PROVIDED DATA:
*** Block opens ***
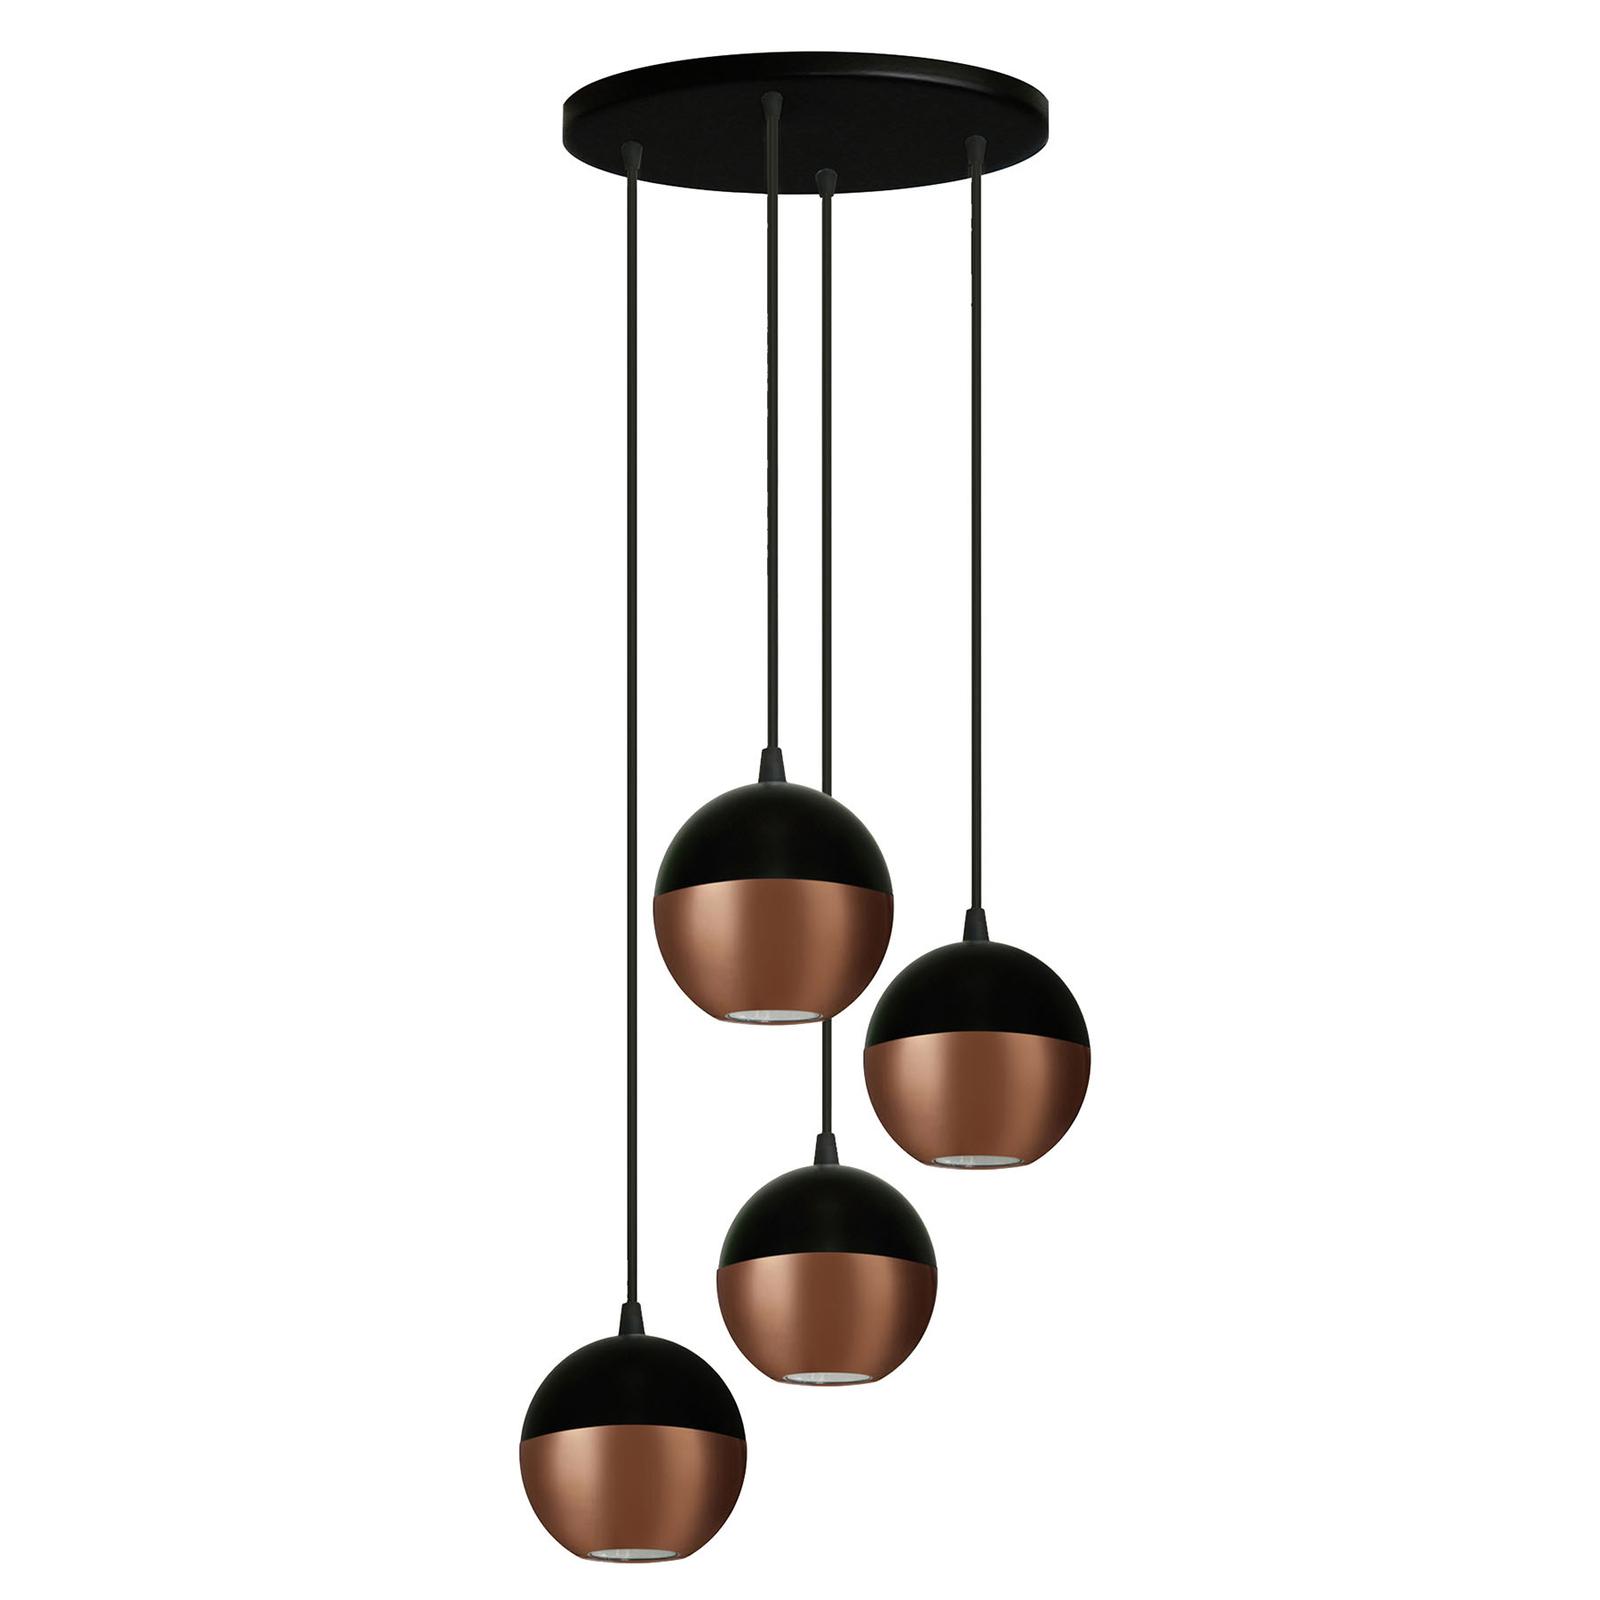 Suspension Midway en noir/cuivré à 4 lampes ronde
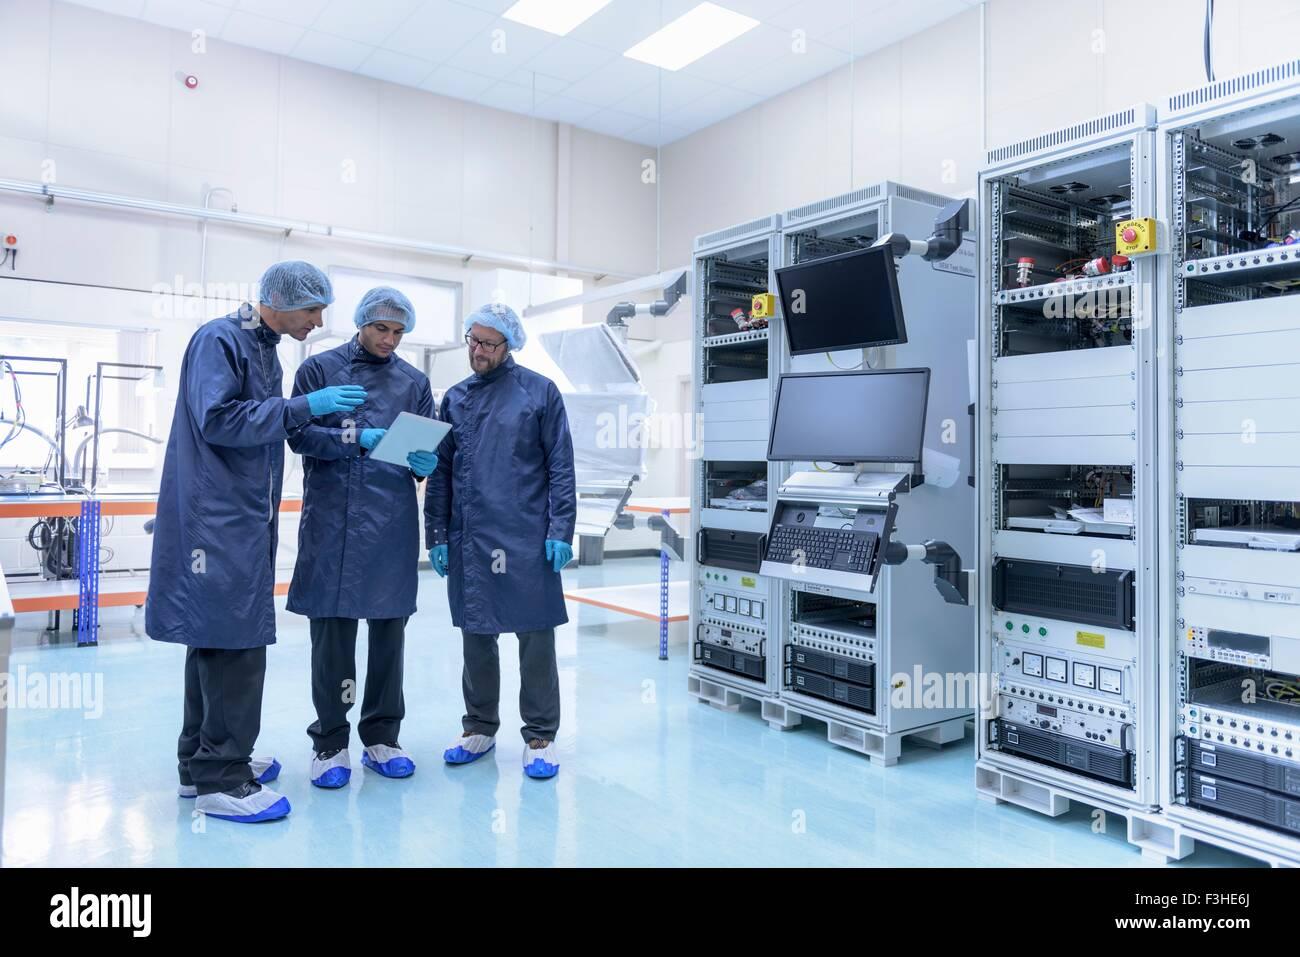 Lavoratori in camera pulita in fabbrica di componenti elettronici Immagini Stock
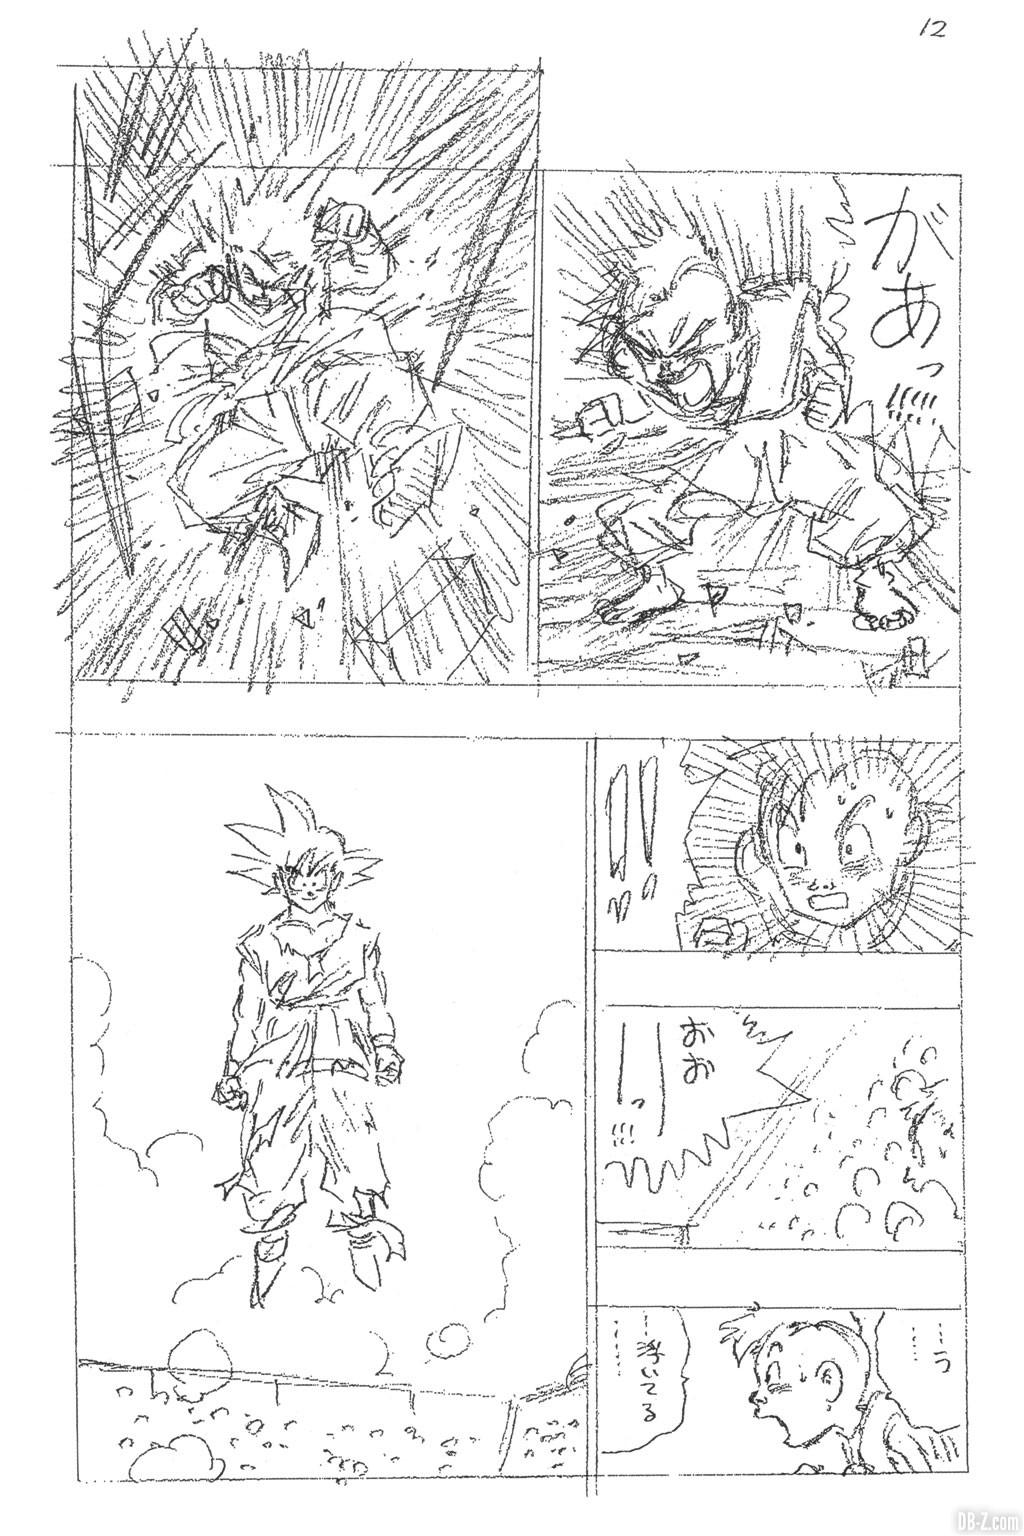 Brouillon Akira Toriyama Dernier Chapitre de Dragon Ball Page 14
*** Block closes ***
All of the material above needs to be restated exactly, with no pictures.

REPLY:
 Suspension Midway en noir/cuivré à 4 lampes ronde
 Lavoratori in camera pulita in fabbrica di componenti elettronici Immagini Stock
 Brouillon Akira Toriyama Dernier Chapitre de Dragon Ball Page 14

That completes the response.